By Lenore Fedow
New jewelry e-tailer Pietra launched Aug. 21. The website sells ready-to-wear jewelry and gives customers the option to work with a designer on a custom piece.
New York—There’s a new fine jewelry platform online.

A New York-based company called Pietra launched its website,, Aug. 21. The site sells ready-to-wear jewelry as well as custom designs.

Consumers looking to create their own pieces of jewelry will have access to a network of more than 100 jewelry designers via Pietra, from local jewelers to larger companies, like Stephen Webster, and independent designers, such as Brent Neale.

Pietra connects customers with the creative teams at jewelry brands who oversee custom design.

In a statement announcing the site’s launch, CEO and co-founder Ronak Trivedi, a former Uber product manager, said he started Pietra because he wants everyone to “know a guy” when making a jewelry purchase.

“You want a connection with the designer and to understand the story behind the piece,” he said.

“Pietra was created for those of us who don’t ‘know a guy’ but still want the authentic, artisan and deeply personal experience of collaborating with a jeweler.”

In his blog, Trivedi pinpointed shifts in the luxury market, noting what the next generation of luxury shoppers is looking for when making a purchase.

“People want personalized experiences and to feel a part of the creative process. Mass produced off-the-shelf items just aren’t that appealing anymore,” he wrote.

Trivedi said the next generation will expect online experiences to be better than in-person experiences.

“From discovering a new brand on Instagram, to connecting with personal shoppers on WhatsApp, the new luxury consumer expects technology to enhance and not just enable,” he wrote.

Pietra’s custom-design portal caters to customers who know exactly what they want, as well as those who need a little inspiration, the company said in its statement.

Customers with an idea in mind can look through a catalog of designers and reach out directly.

Those who need some assistance can work with a Pietra concierge, who uses a survey to connect customers to a designer whose aesthetic fits matches theirs.

Customers can choose the style and materials, set a budget, and upload photos of designs they like. Material options include natural and lab-grown diamonds plus other gemstones such as rubies, pearls and garnets.

Customers can speak to multiple jewelers at once to talk about collaborating on the design and the pricing.

Those placing custom orders will pay the full amount to Pietra at the time of purchase. The jeweler will receive 35 percent to begin work on the piece and the remainder once it’s delivered to the customer.

Pietra charges designers 30 percent commission on the sale of ready-to-wear pieces and takes a 10 percent commission on custom pieces. There is no listing fee.

Jewelers and designers interested in listing on the site can submit an application via Pietra’s website, but there is a waiting list, the company said.

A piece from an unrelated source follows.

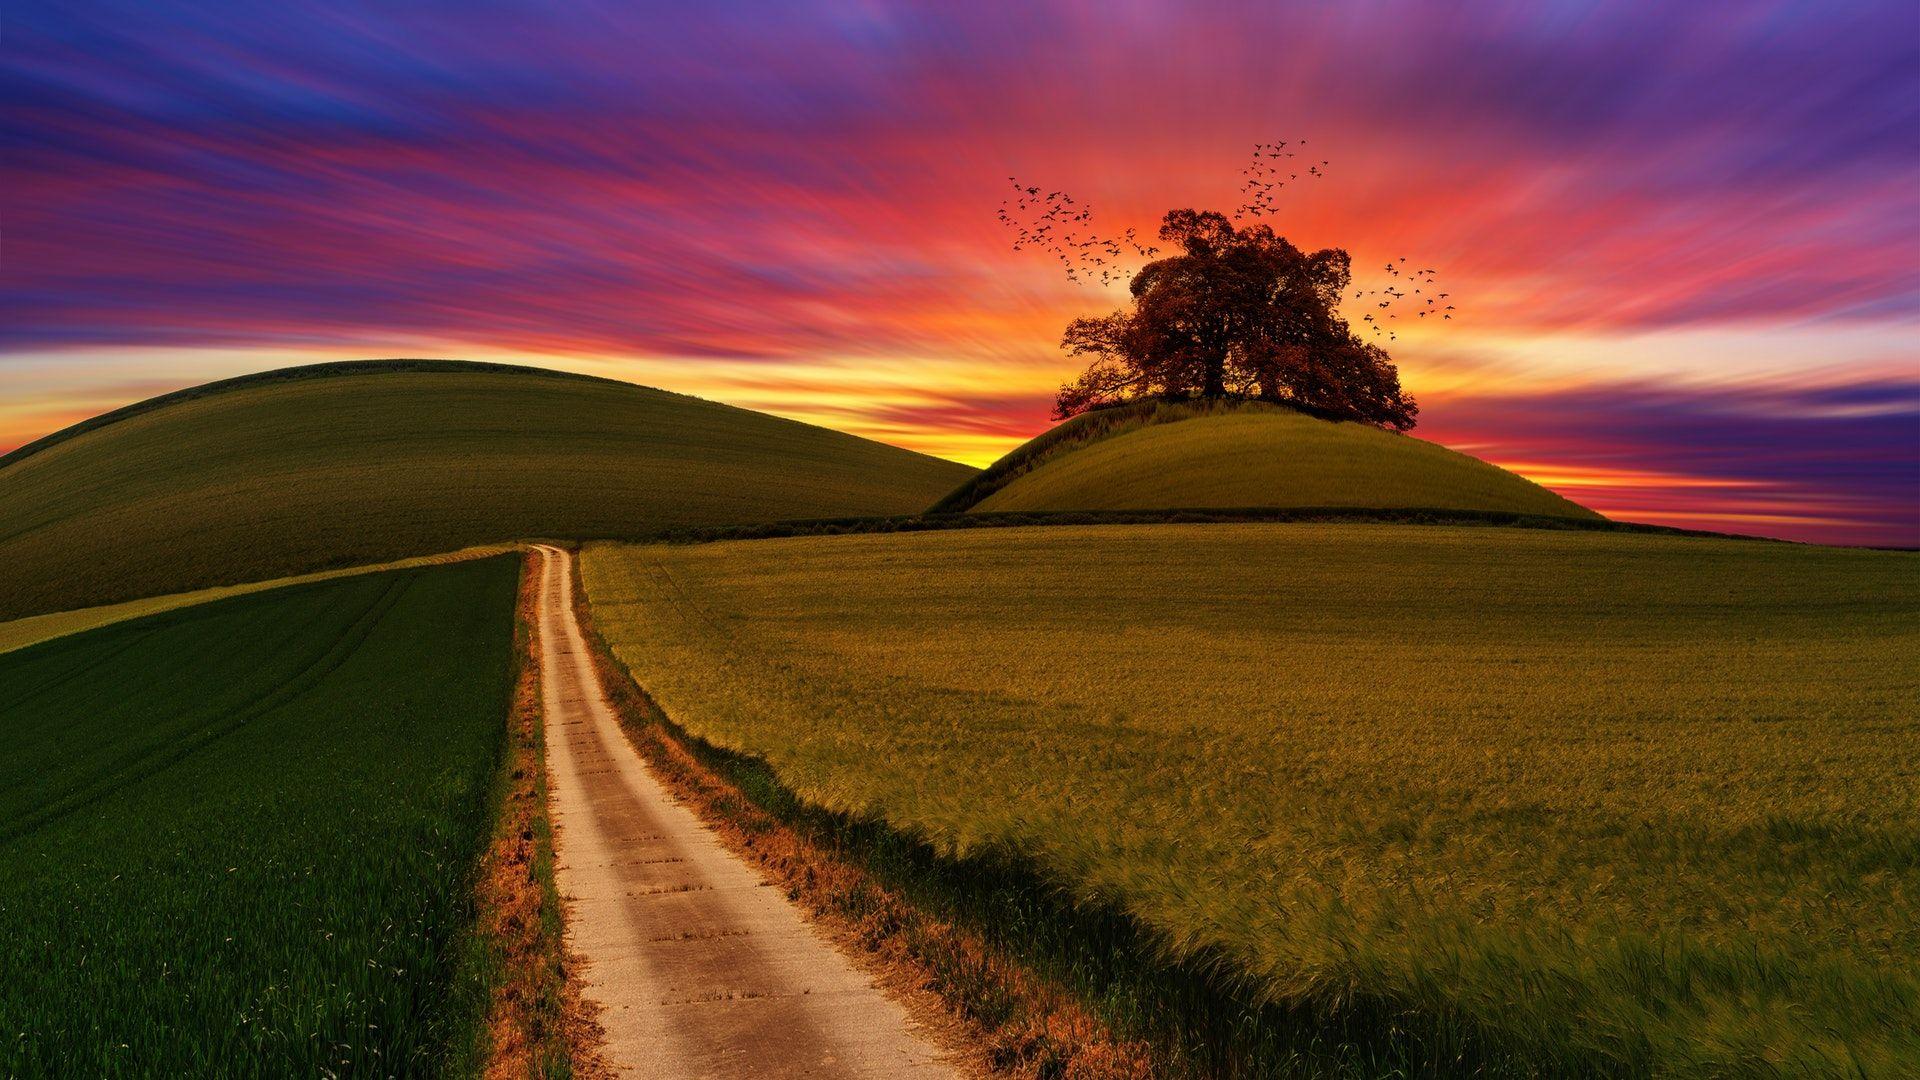 عکس زمینه هنری از مزرعه در غروب پس زمینه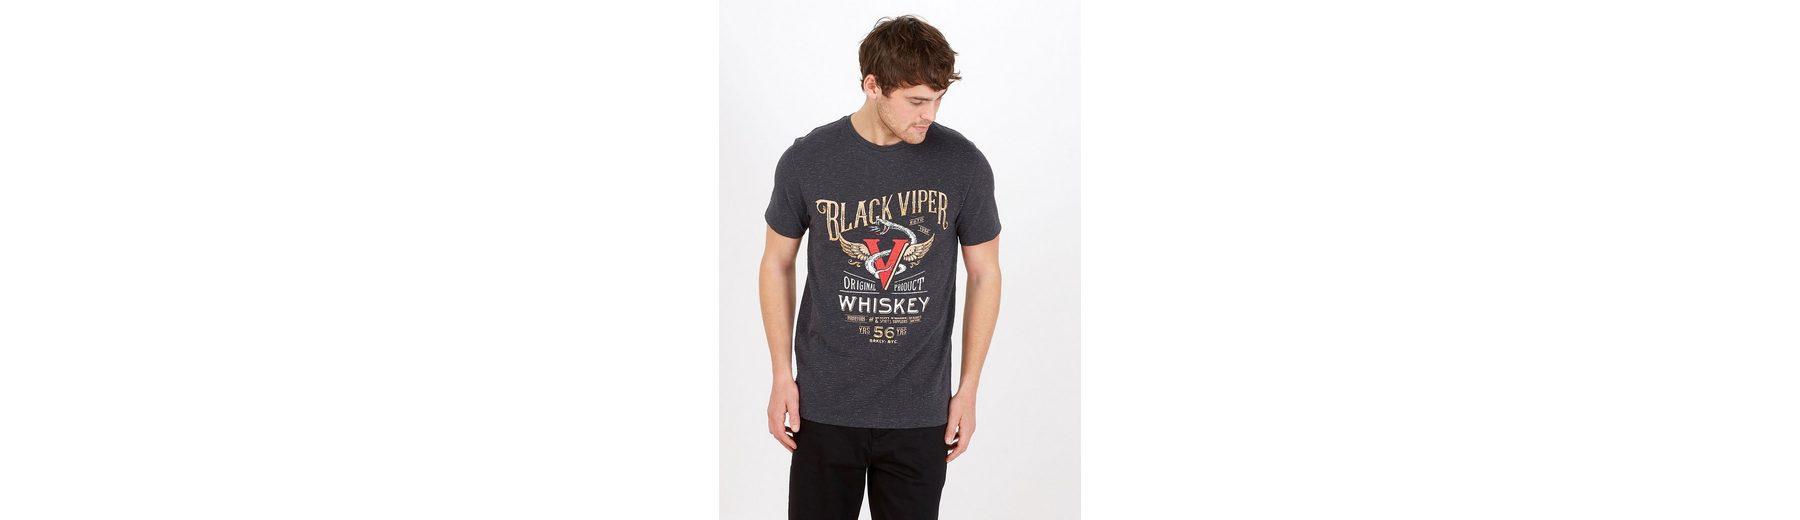 Next T-Shirt mit Schlangen-Print Beste Preise Im Netz WYvUWLn2

The company said it vets applicants, setting up in-person interviews to determine if the jeweler or designer is a good fit for the site. If the company is unable to meet with an international designer, which Pietra says is “rare,” a phone interview is conducted.

Pietra looks at several determining factors, including a jeweler’s experience, which it considers “the most important factor,” according to its website.

The company also looks through reviews across online platforms, checking a jeweler’s star ratings and comments left by customers, and contacts past customers to get feedback on their experience.

Jewelers who want to list their services on Pietra will be asked to provide two professional references, such as fellow jewelers, designers, bench workers or other business associates.

Lastly, the company consults with its advisory board, comprised of “jewelry industry experts” involved in manufacturing, stone sourcing, jewelry, retail buying and gemology.

CEO Trivedi is a former Uber product manager behind UberPool, the service that allows customers to share rides, while Chief Technology Officer Pan Pan served as a senior engineering manager at Uber.

COO Jaden Levitt founded Wells Levitt, a startup services firm that worked with Glossier.

Chief Brand Officer Ashley Bryan is the former chief marketing officer at Moda Operandi.

The company also has notable backers, including venture capital firm Andreessen Horowitz (which also put money into the clothing rental subscription service that’s trying to buy Lord & Taylor); Greenbay Ventures, which has backed Lyft and Dropbox; Third Kind Venture Capital; and Abstract Ventures.

There are some famous backers in the mix as well including Will Smith through The Dreamers Fund, Robert Downey Jr. through Downey Ventures, music producer Scooter Braun, model Joan Smalls, and entrepreneur Michael Ovitz.